The high court here adjourned the Securities and Exchange Board of India (Sebi)-Central Information Commission (CIC) case to December 19, while directing that Reliance Industries Ltd (RIL) be made a party.
Sebi is appealing against an order of the central information commissioner, Satyananda Mishra (appellate authority under the national Right to Information Act), last month, asking it to disclose information in the 2007 RIL insider trading case. The CIC had passed this directive on an appeal filed by a Bangalore-based lawyer and RTI activist, Arun Agrawal, who had asked Sebi to disclose details of the consent order proceedings in the case and the identity of the entities involved in the alleged insider trading.
The bench of judges D Y Chandrachud and A A Sayed on Tuesday said RIL should be given a chance to present its version, as the disclosures in question pertain to the company. “We may accept their case or reject it. Everybody has to be given a chance,” said Chandrachud on Tuesday, while posting the matter to December 19.
|THE INSIDE JOB|
Arun Agrawal, appearing in person, argued there was no need to hear RIL. “If it is a bank, income tax department or lawyer, there is a fiduciary relationship. But there cannot be a fiduciary relationship between a regulator and a violator,” he said.
The court on Tuesday asked the Sebi counsel why the regulator should have any problem in disclosing the information on the basis of which it had come out with a consent circular.

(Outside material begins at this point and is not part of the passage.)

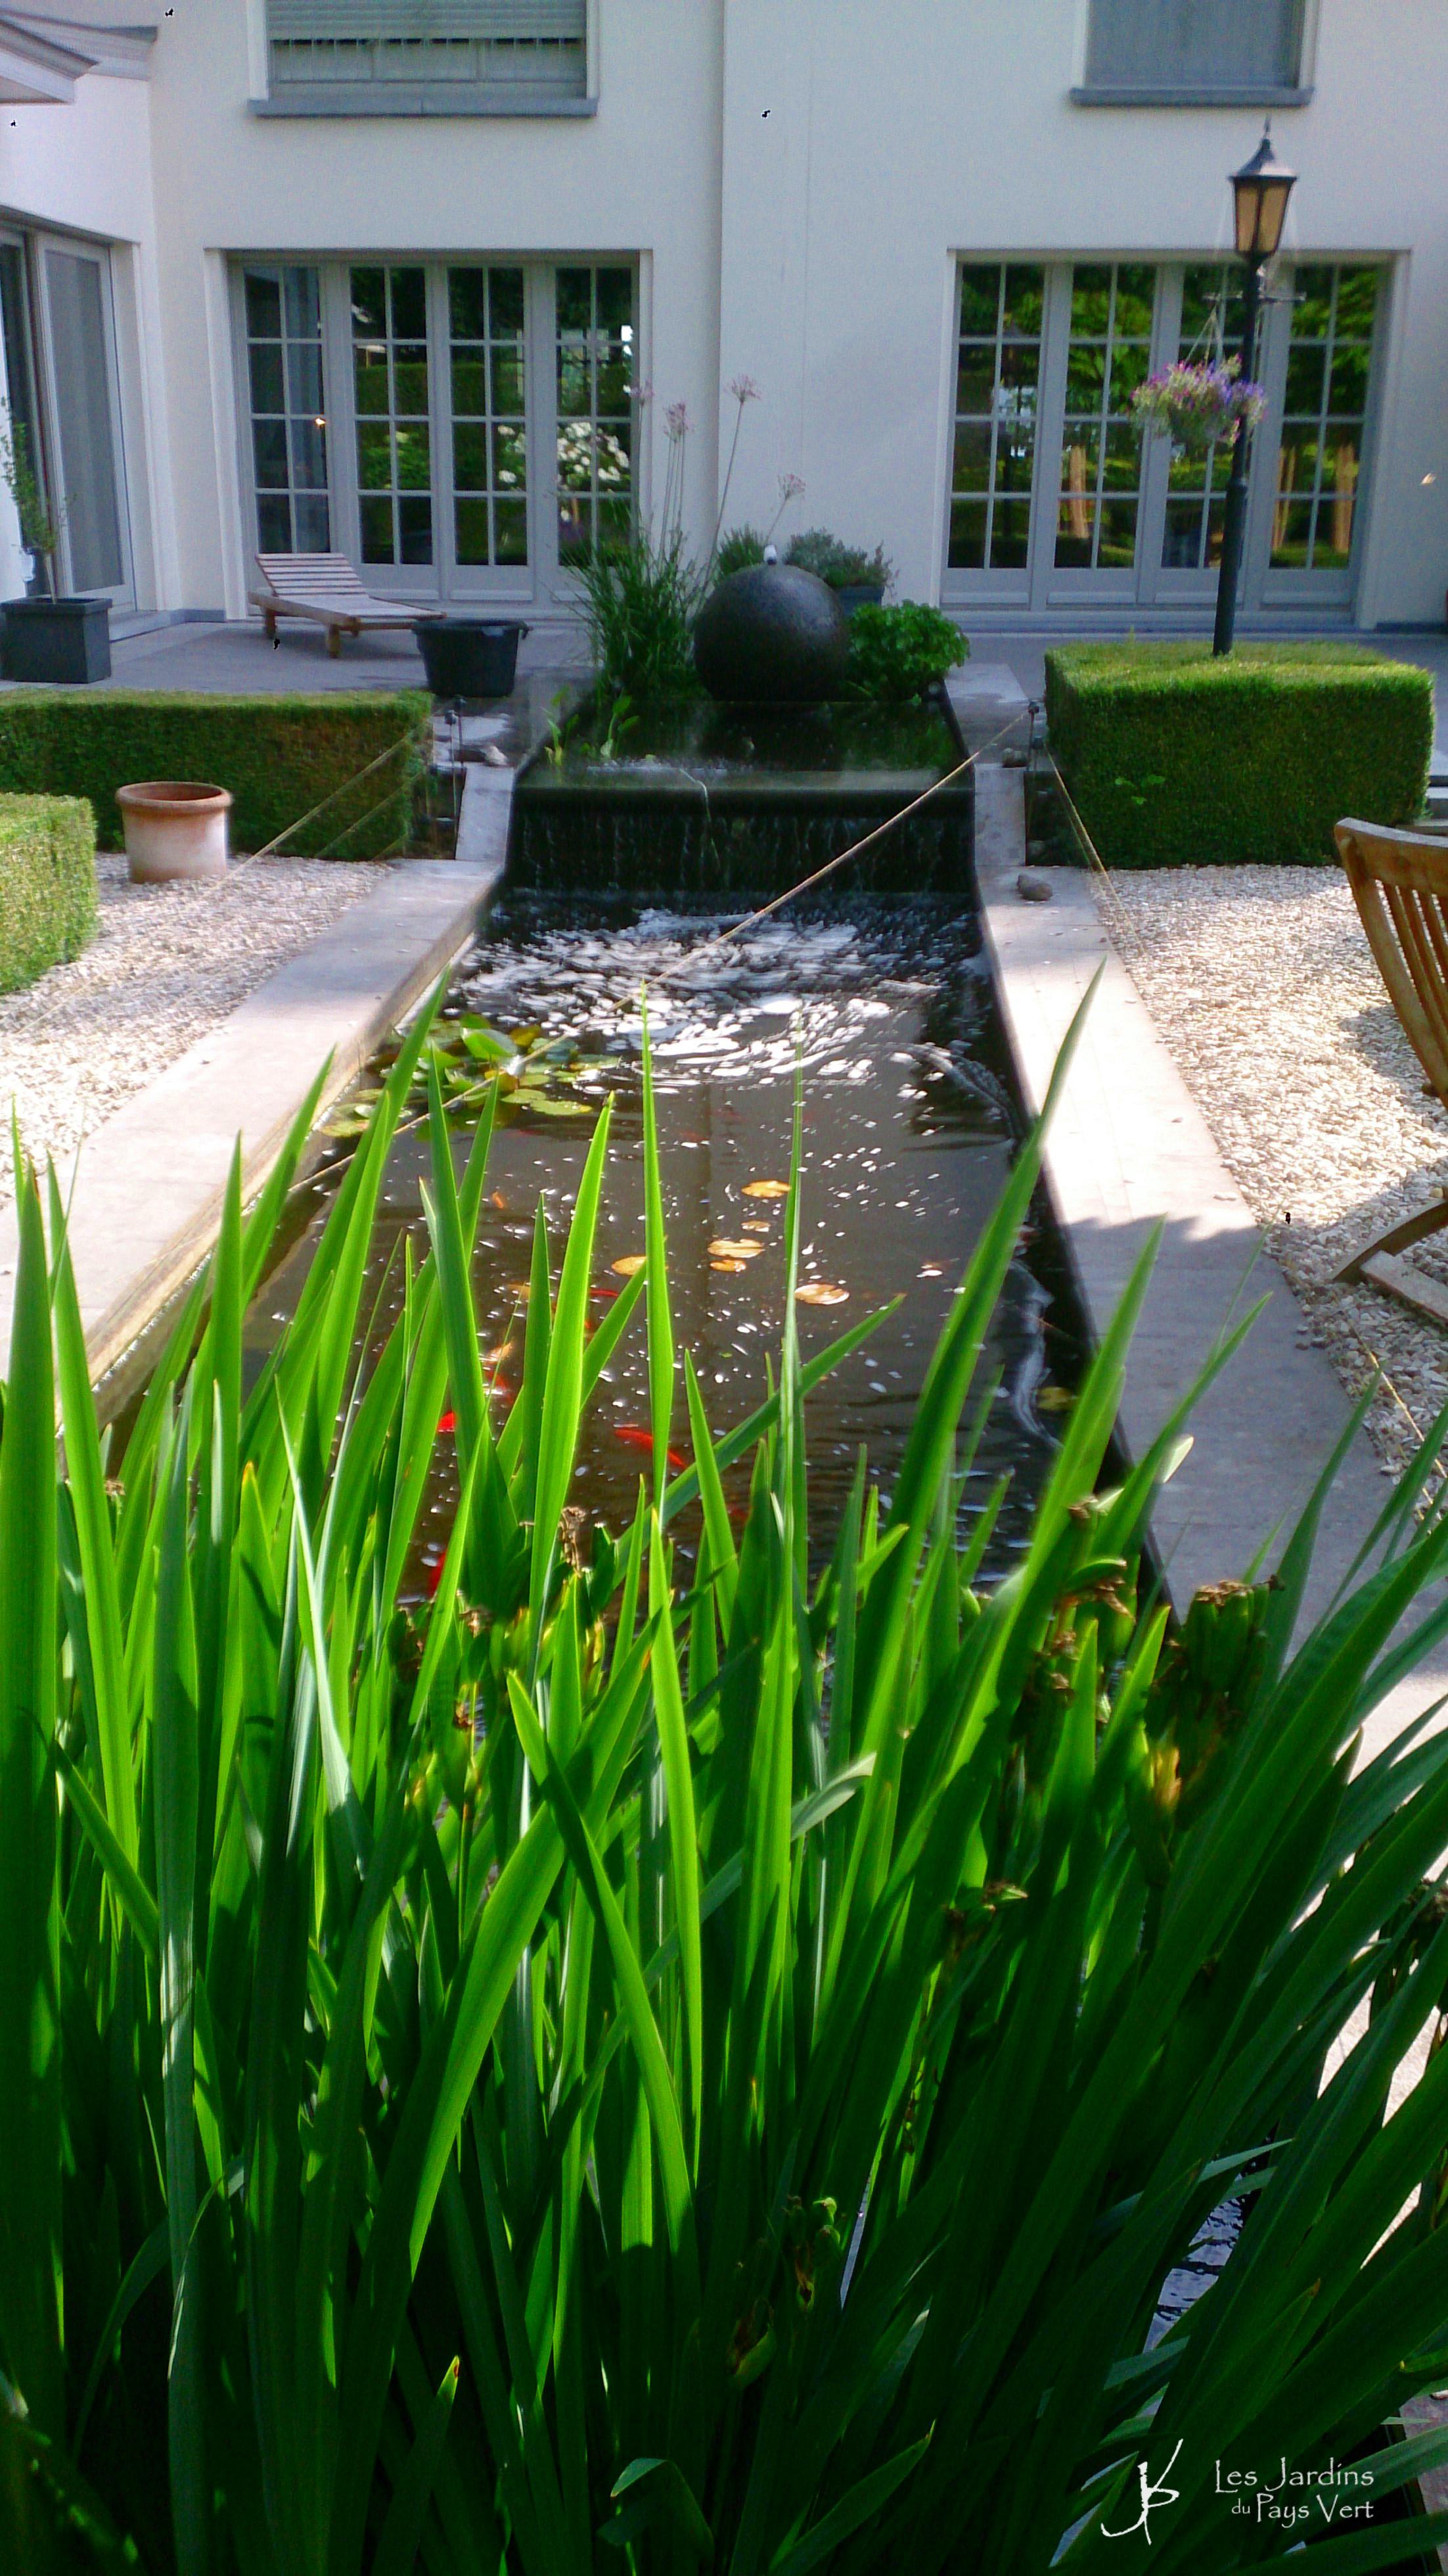 Entretiens de jardins jardins du pays vert for Jardin du pic vert

“He (Arun Agrawal) wants disclosure on the underlying process. What is the harm in disclosing the file notings? Ultimately, you have issued that circular. It is not something that is confidential. You have a file relating to that circular. Give him that file,” said Chandrachud. The court directed the counsel to take instructions from the regulator on whether it could disclose the file notings and the underlying process of the consent route circular.
The counsel, Jamshed Cama, argued that information regarding a commercial confidence or trade secrets cannot be given unless the CIC proved it would be in the public interest to do so.
“Prima facie, CIC could be satisfied that this is in the public interest. But the question is, is it merely enough to say that? He should demonstrate in his order as to how it is in the public interest,” said Cama.
In reply, Agrawal said such disclosures would keep the general public informed and educated about the risks they confront while investing in the market. “Even with the most hardened criminal, his face is covered but his name is made public,” he said.
Agrawal questioned Sebi’s rationale behind settling a Rs 500-crore insider trading case with a consent order of just Rs 10 crore. “If a Rs 500-crore case is settled for Rs 10 crore, then every party who violates rules will ask why should I not be given the privilege of giving 10 per cent of the loot and get exonerated,” he argued.
When Chandrachud asked the status of the case, the Sebi counsel said the investigation report was complete and it had to be considered by a Sebi wholetime member. “The next step would be prosecution or penalty,” said Cama.